=== Source data ===
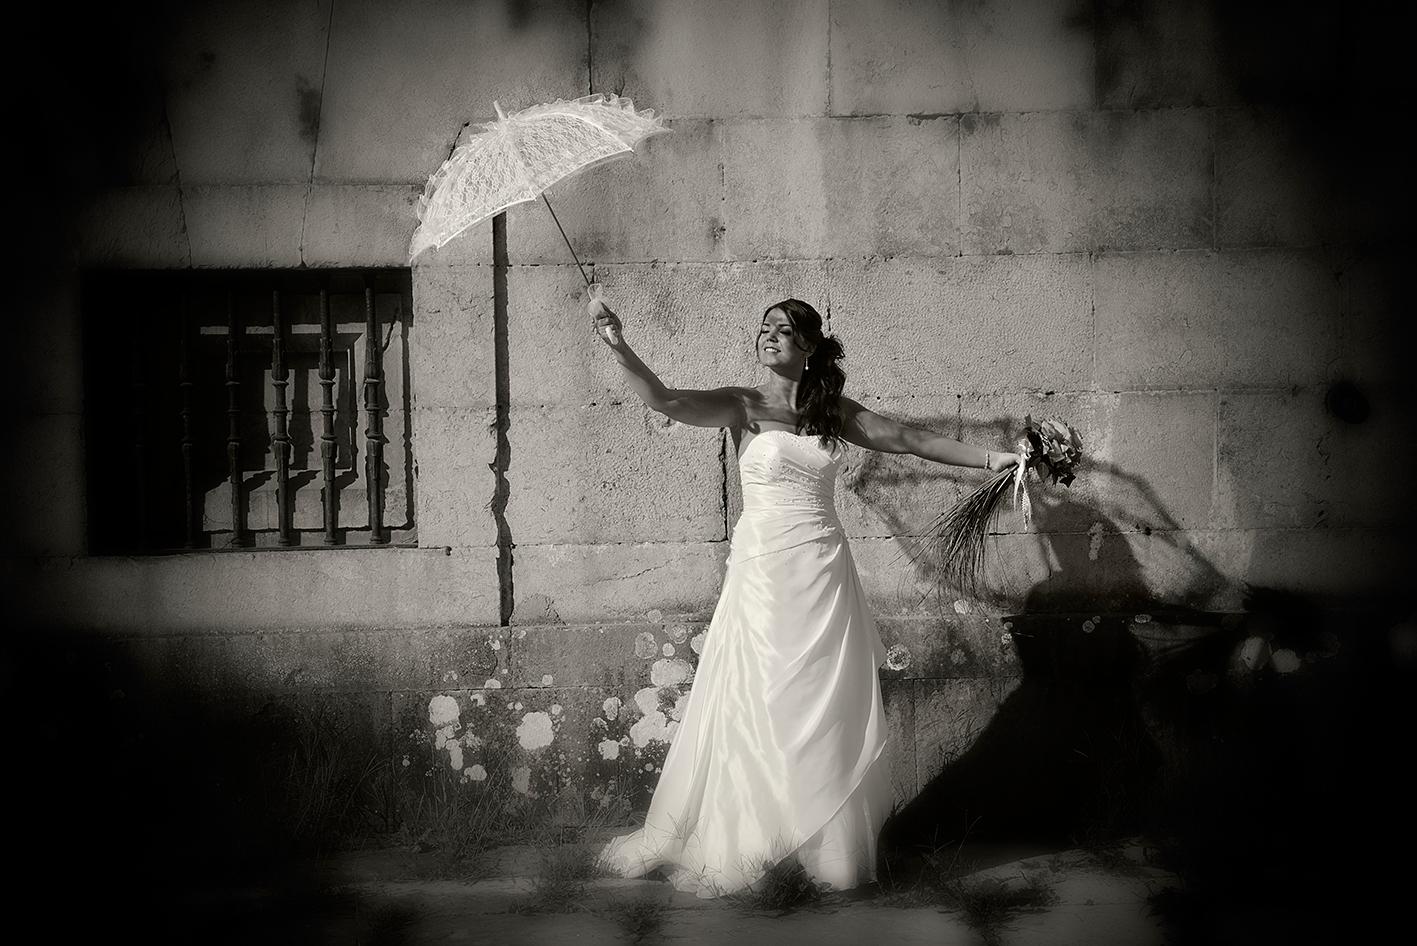 Fotografía de boda en blanco y negro Azpeitia (Gipuzkoa)
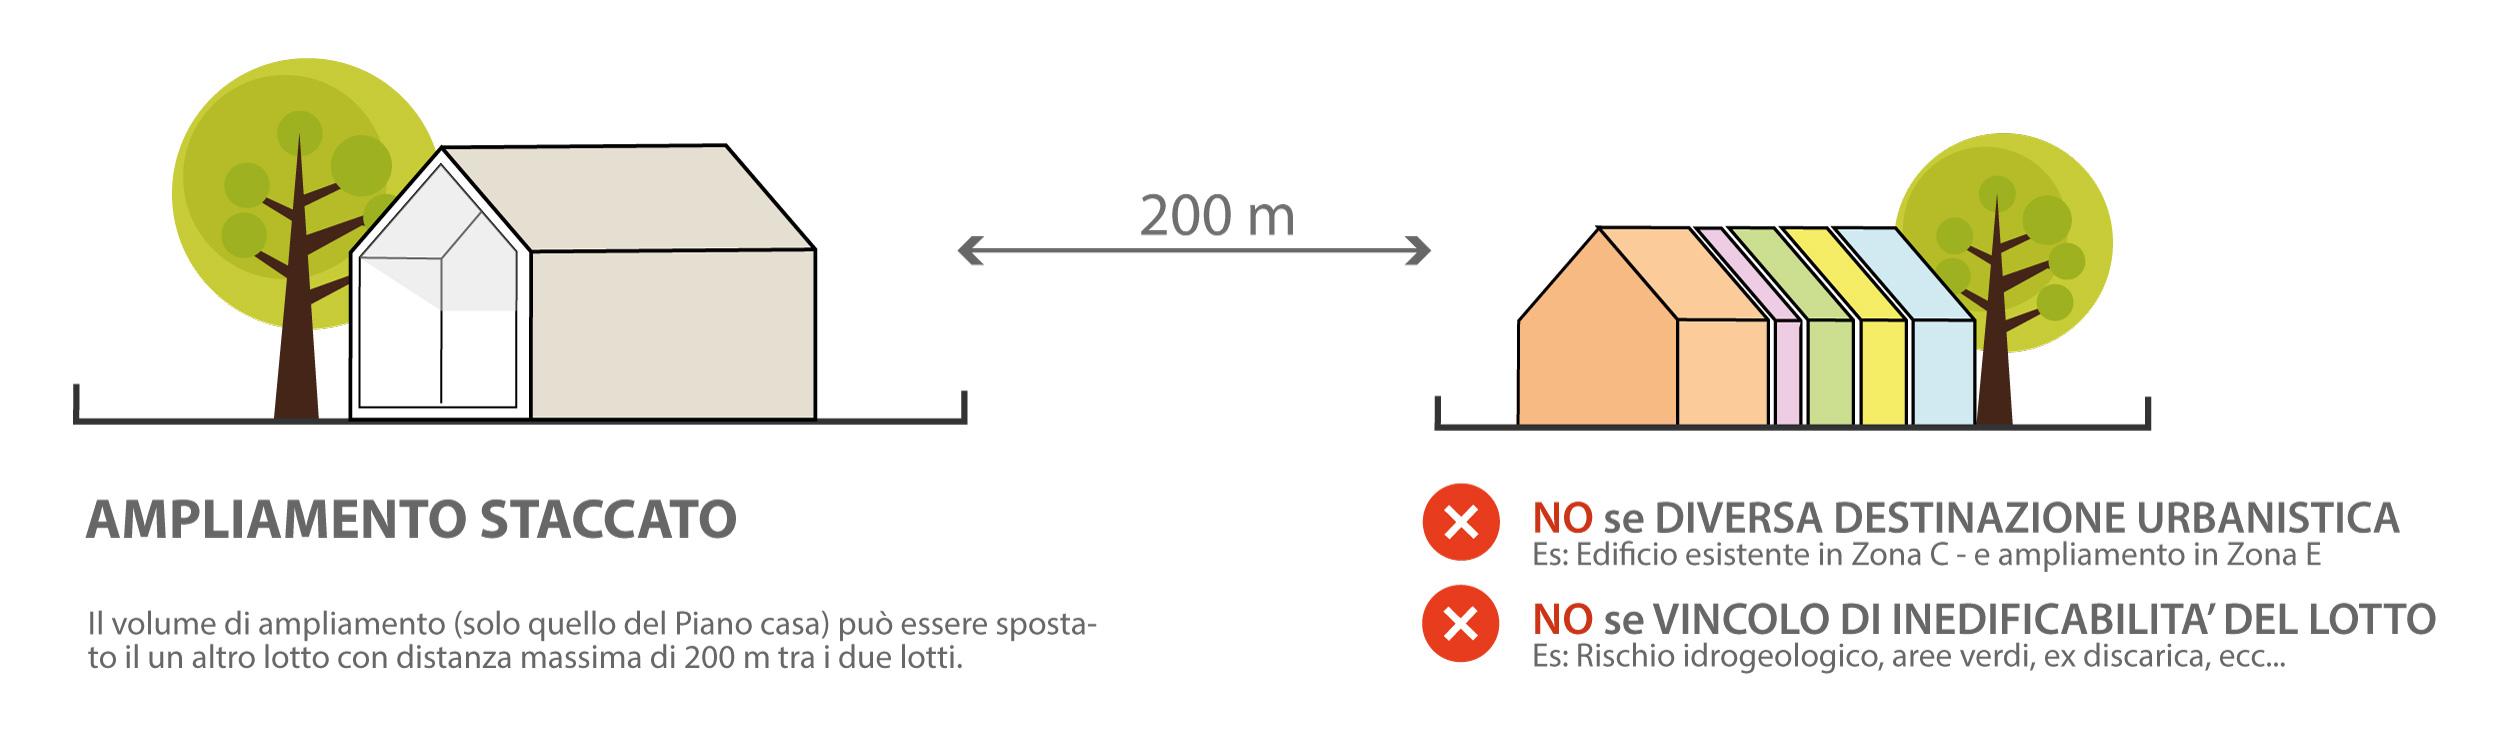 Piano-Casa-Veneto--ampliamento-staccato
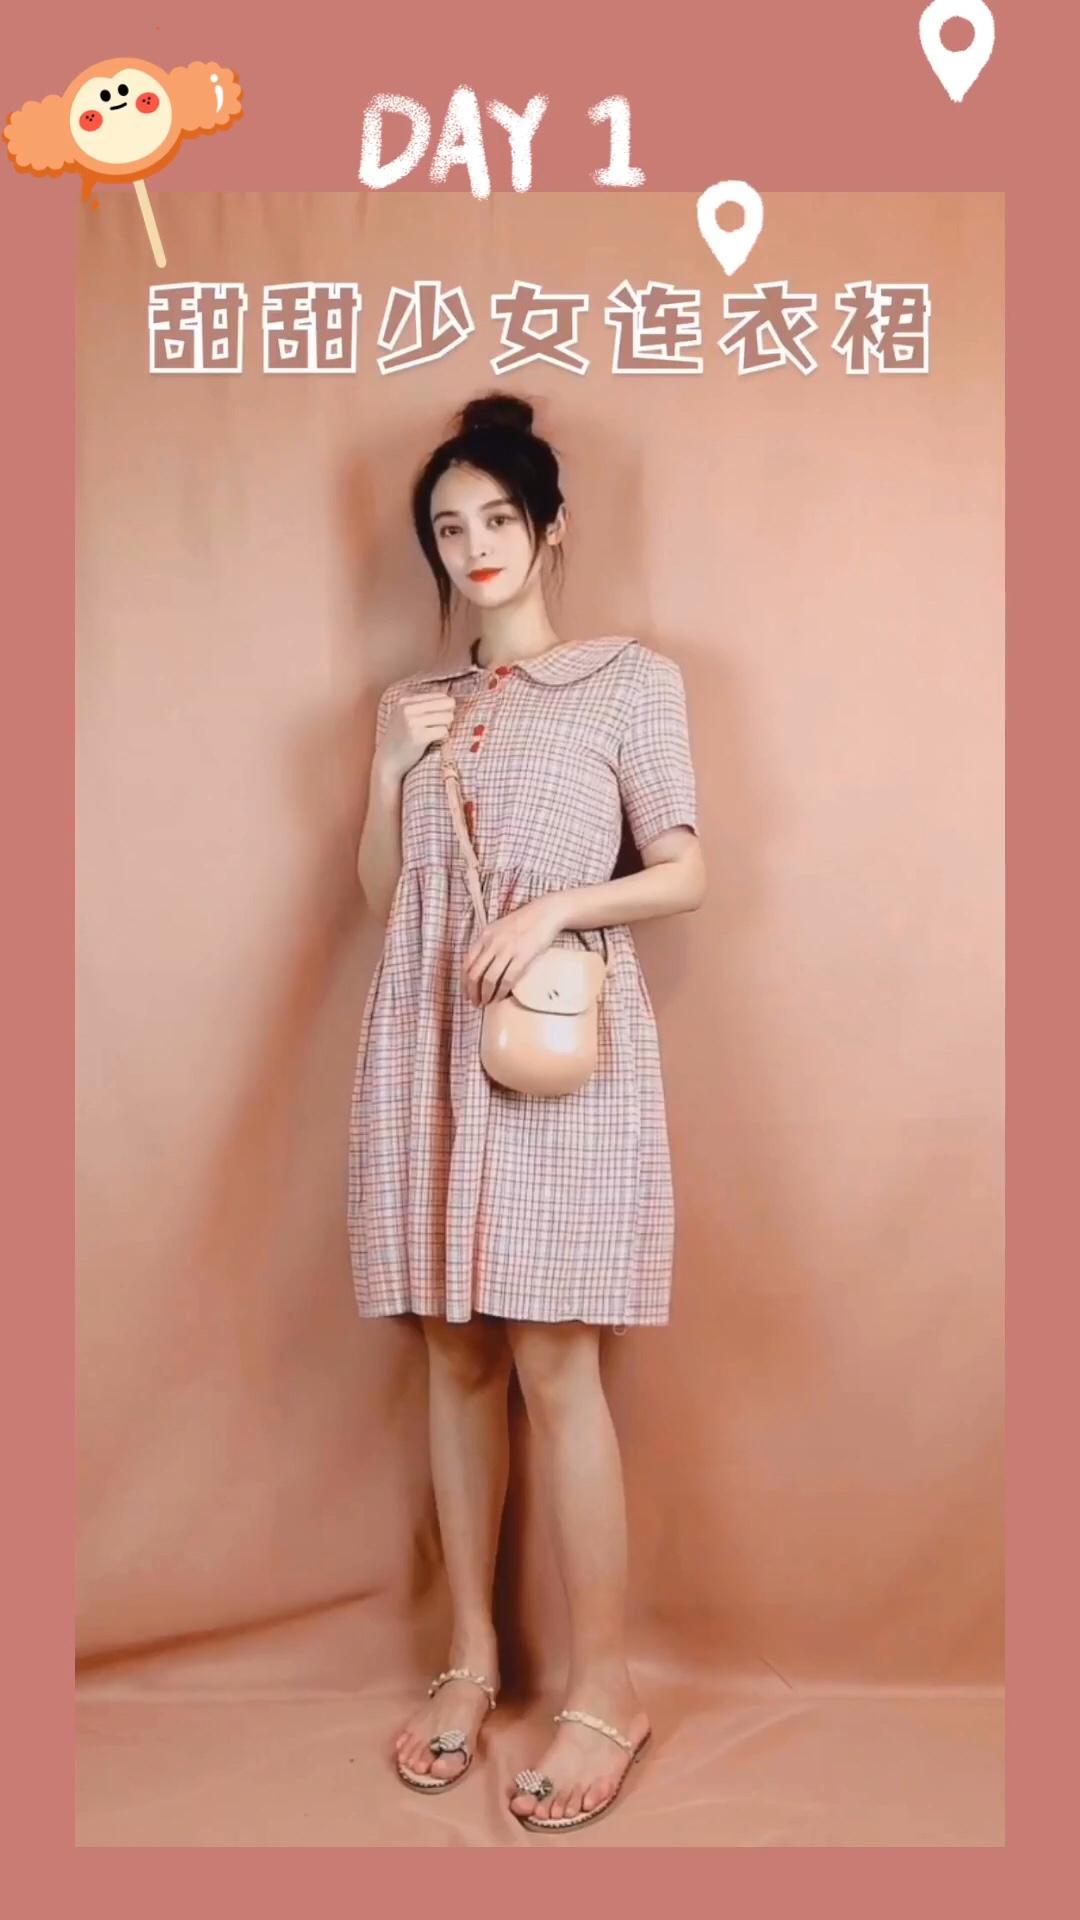 小个子甜甜格纹裙。 很适合小个子的一条连衣裙,长度到膝盖上方,加上高腰设计,整体显高。宽松裙摆,可以遮住小粗腿。格纹配色很特别,粉嫩显白。娃娃领设计,减龄必备,少女感满满。红色扣子的点缀让裙子更加有层次感和设计感。搭配杏粉色挎包,造型可爱,颜色也和裙子搭配很和谐。 #夏日收官look大比拼#
===
> **What is required**
Exactly as given, transcribe every line of the data, but not its images.

> **Exercise answer**
 Fotografía de boda en blanco y negro Azpeitia (Gipuzkoa)
 Piano-Casa-Veneto--ampliamento-staccato
 小个子甜甜格纹裙。 很适合小个子的一条连衣裙,长度到膝盖上方,加上高腰设计,整体显高。宽松裙摆,可以遮住小粗腿。格纹配色很特别,粉嫩显白。娃娃领设计,减龄必备,少女感满满。红色扣子的点缀让裙子更加有层次感和设计感。搭配杏粉色挎包,造型可爱,颜色也和裙子搭配很和谐。 #夏日收官look大比拼#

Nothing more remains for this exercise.